* _COLLECTED DATA_:
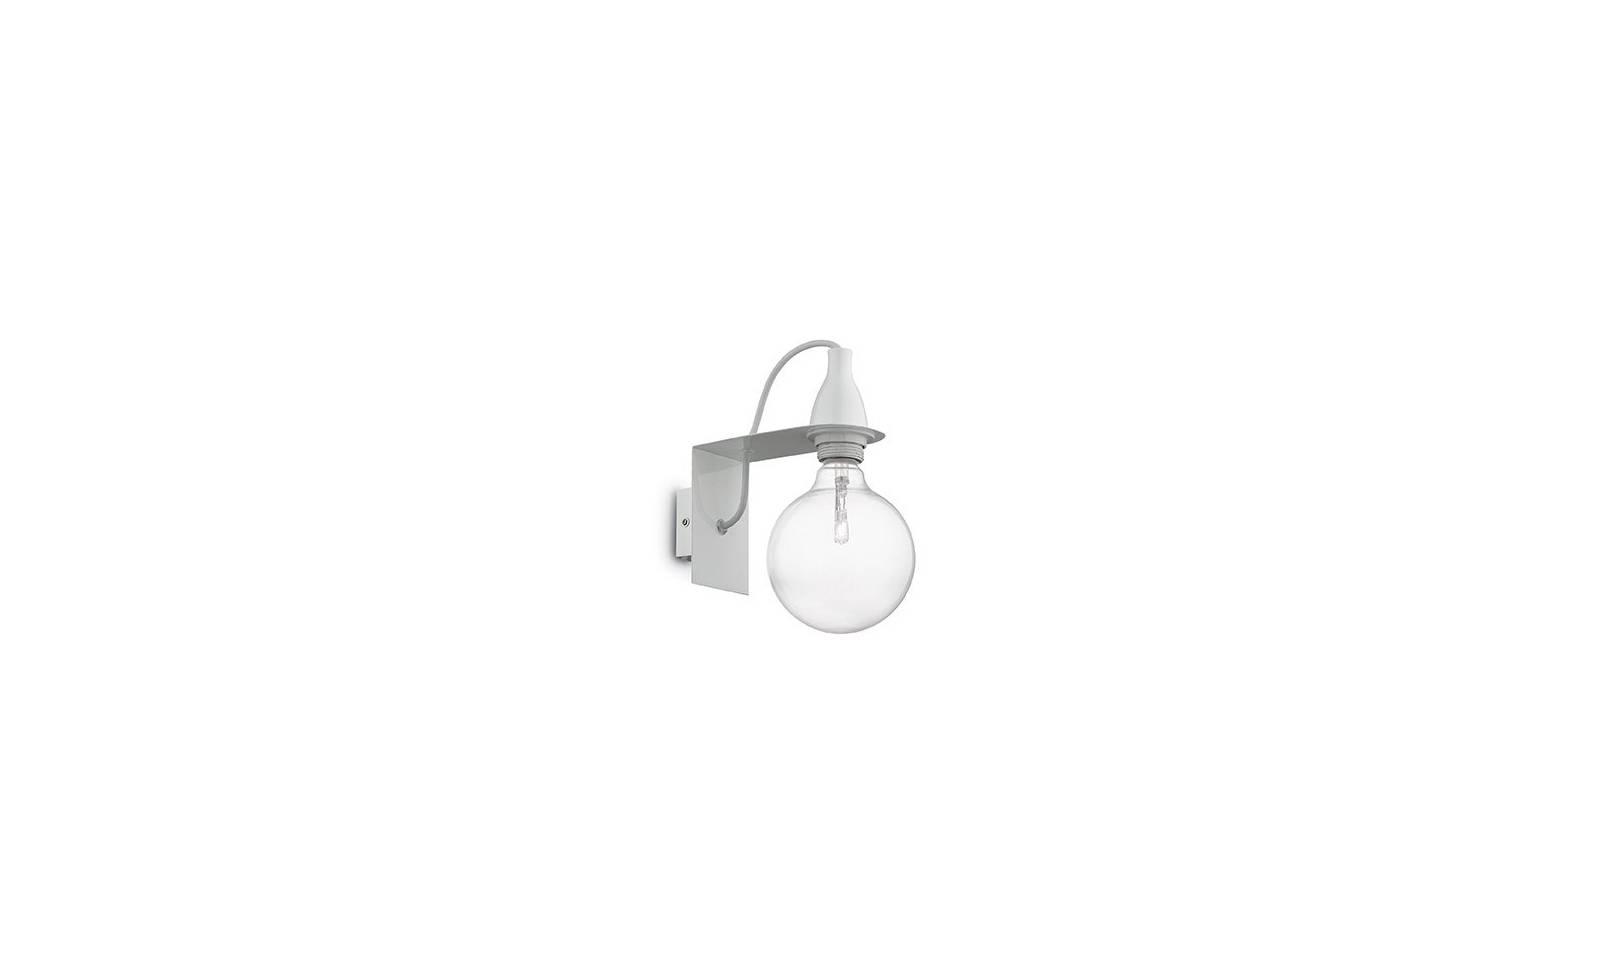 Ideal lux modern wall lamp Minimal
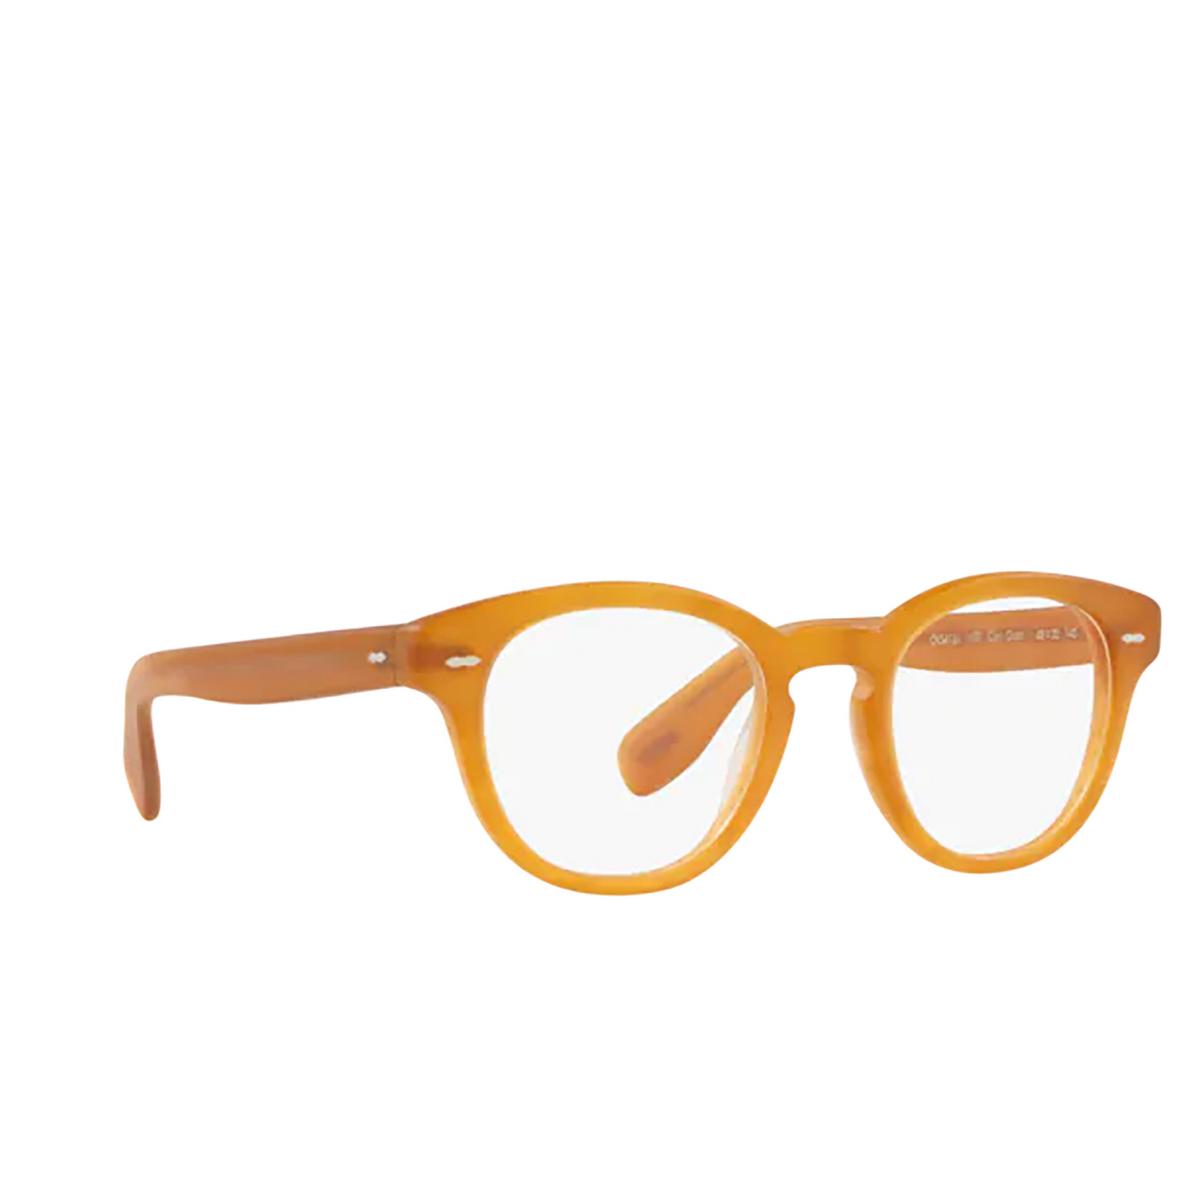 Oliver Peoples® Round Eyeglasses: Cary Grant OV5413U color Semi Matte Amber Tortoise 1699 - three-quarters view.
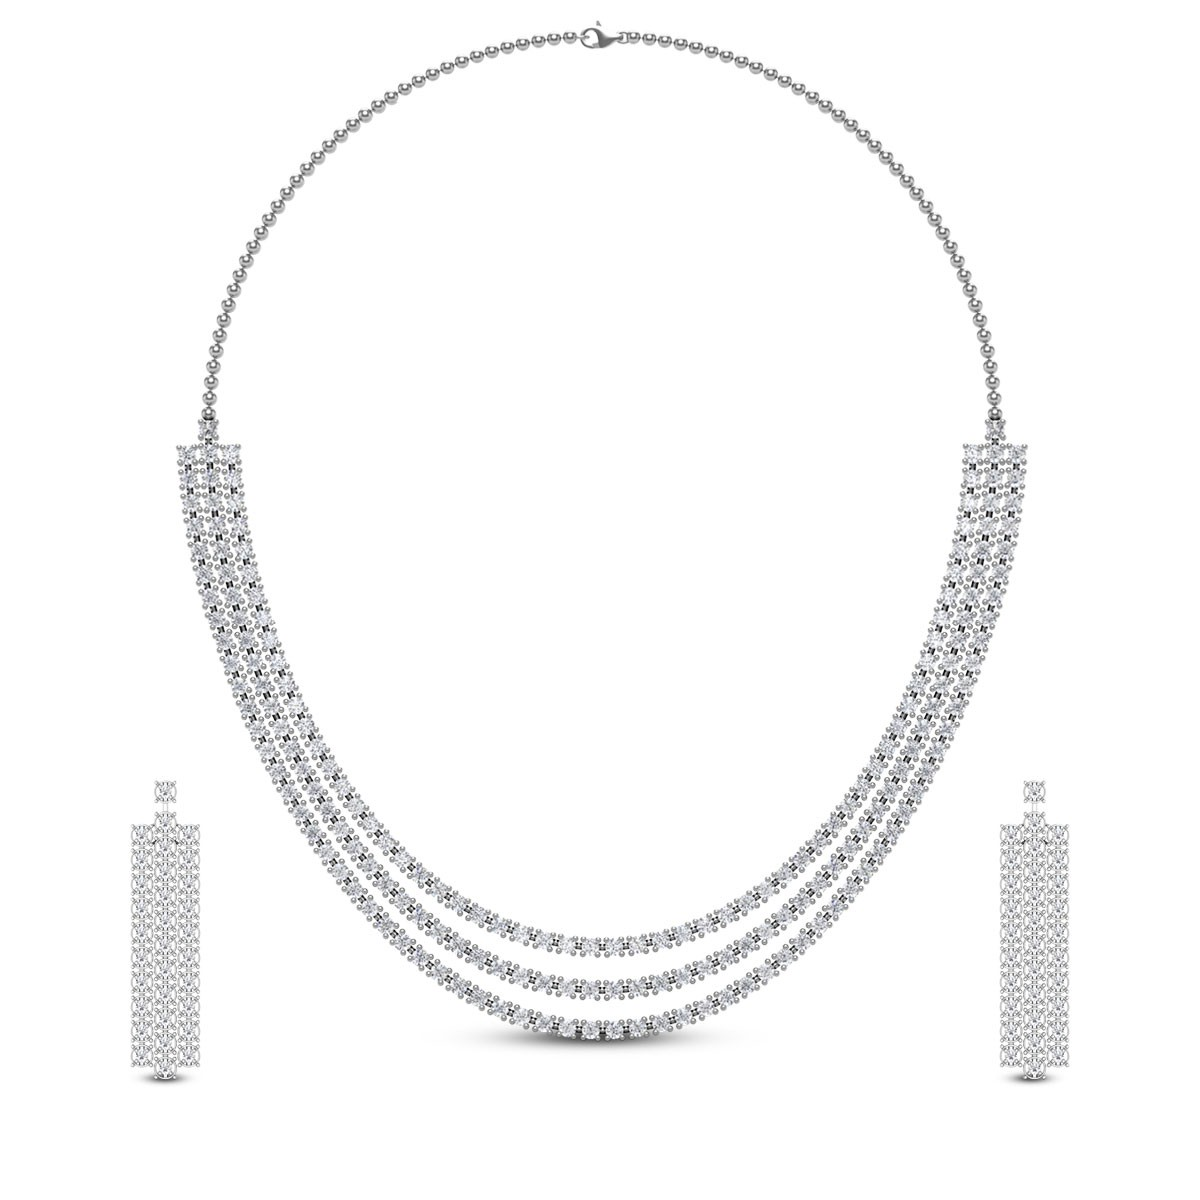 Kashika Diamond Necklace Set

* _ASSIGNMENT_: Nothing but the pictures is to be left out; repeat the data exactly.

* _ANSWER SECTION_:
 Ideal lux modern wall lamp Minimal
 Oliver Peoples® Round Eyeglasses: Cary Grant OV5413U color Semi Matte Amber Tortoise 1699 - three-quarters view.
 Kashika Diamond Necklace Set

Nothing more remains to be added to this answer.